There are many conjugate priors; the reader may find this \href{https://en.wikipedia.org/wiki/Conjugate_prior#Table_of_conjugate_distributions}{table of conjugate priors} useful.

\subsection{The Gaussian distribution}
There are many distributions, but one of particular importance is the \term{Gaussian distribution}, also known as the \term{normal distribution}.
It is a continuous distribution, parameterized by its mean $\bm\mu \in \R^d$ and positive-definite covariance matrix $\mat{\Sigma} \in \R^{d \times d}$, with density
\[p(\x; \bm\mu, \mat{\Sigma}) = \frac{1}{\sqrt{(2\pi)^d \det(\mat{\Sigma})}}\exp\left(-\frac{1}{2}(\x - \bm\mu)\tran\mat{\Sigma}\inv(\x - \bm\mu)\right)\]
Note that in the special case $d = 1$, the density is written in the more recognizable form
\[p(x; \mu, \sigma^2) = \frac{1}{\sqrt{2\pi\sigma^2}}\exp\left(-\frac{(x-\mu)^2}{2\sigma^2}\right)\]
We write $\vec{X} \sim \calN(\bm\mu, \mat{\Sigma})$ to denote that $\vec{X}$ is normally distributed with mean $\bm\mu$ and variance $\mat{\Sigma}$.

\subsubsection{The geometry of multivariate Gaussians}
The geometry of the multivariate Gaussian density is intimately related to the geometry of positive definite quadratic forms, so make sure the material in that section is well-understood before tackling this section.

First observe that the p.d.f. of the multivariate Gaussian can be rewritten as
\[p(\x; \bm\mu, \mat{\Sigma}) = g(\xye\tran\mat{\Sigma}\inv\xye)\]
where $\xye = \x - \bm\mu$ and $g(z) = [(2\pi)^d \det(\mat{\Sigma})]^{-\frac{1}{2}}\exp\left(-\frac{z}{2}\right)$.
Writing the density in this way, we see that after shifting by the mean $\bm\mu$, the density is really just a simple function of its precision matrix's quadratic form.

Here is a key observation: this function $g$ is \term{strictly monotonically decreasing} in its argument.
That is, $g(a) > g(b)$ whenever $a < b$.
Therefore, small values of $\xye\tran\mat{\Sigma}\inv\xye$ (which generally correspond to points where $\xye$ is closer to $\vec{0}$, i.e. $\x \approx \bm\mu$) have relatively high probability densities, and vice-versa.
Furthermore, because $g$ is \textit{strictly} monotonic, it is injective, so the $c$-isocontours of $p(\x; \bm\mu, \mat{\Sigma})$ are the $g\inv(c)$-isocontours of the function $\x \mapsto \xye\tran\mat{\Sigma}\inv\xye$.
That is, for any $c$,
\[\{\x \in \R^d : p(\x; \bm\mu, \mat{\Sigma}) = c\} = \{\x \in \R^d : \xye\tran\mat{\Sigma}\inv\xye = g\inv(c)\}\]
In words, these functions have the same isocontours but different isovalues.
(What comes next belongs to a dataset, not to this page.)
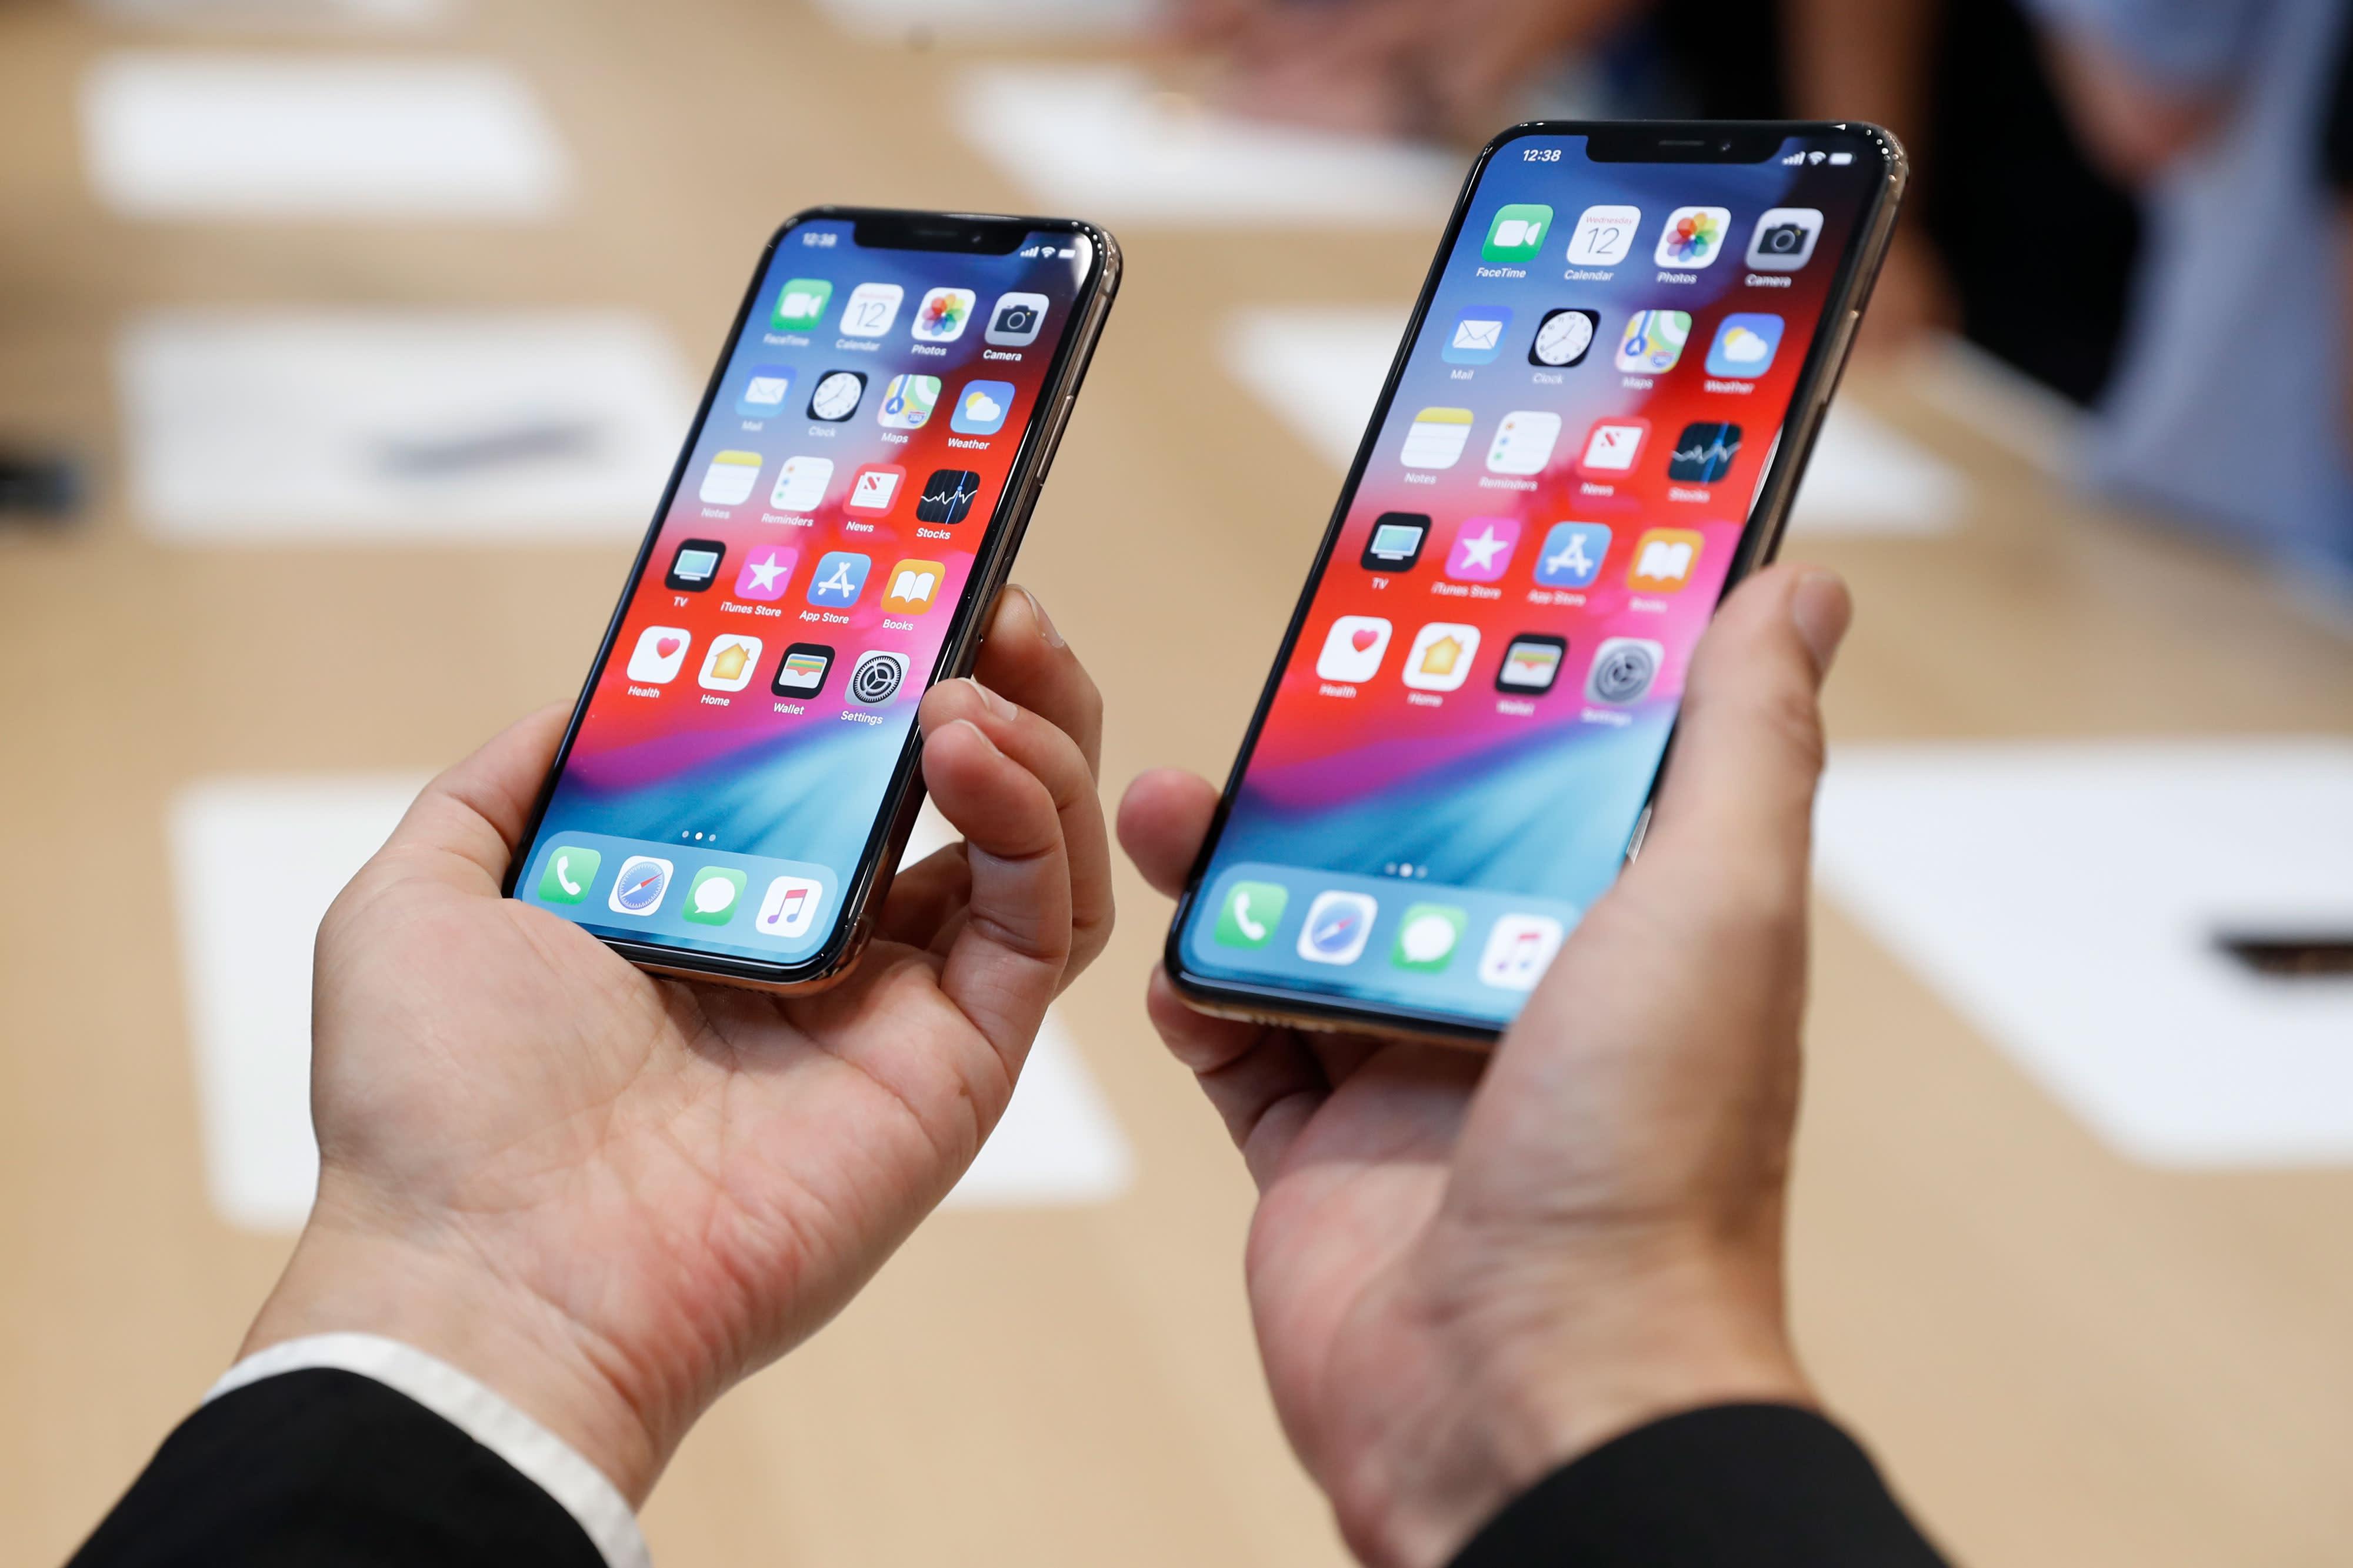 Apple announces iPhone XS, iPhone XS Max, iPhone XR: price

Recall the executive summary of the geometry of positive definite quadratic forms: the isocontours of $f(\x) = \x\tran\A\x$ are ellipsoids such that the axes point in the directions of the eigenvectors of $\A$, and the lengths of these axes are proportional to the inverse square roots of the corresponding eigenvalues.
Therefore in this case, the isocontours of the density are ellipsoids (centered at $\bm\mu$) with axis lengths proportional to the inverse square roots of the eigenvalues of $\mat{\Sigma}\inv$, or equivalently, the square roots of the eigenvalues of $\mat{\Sigma}$.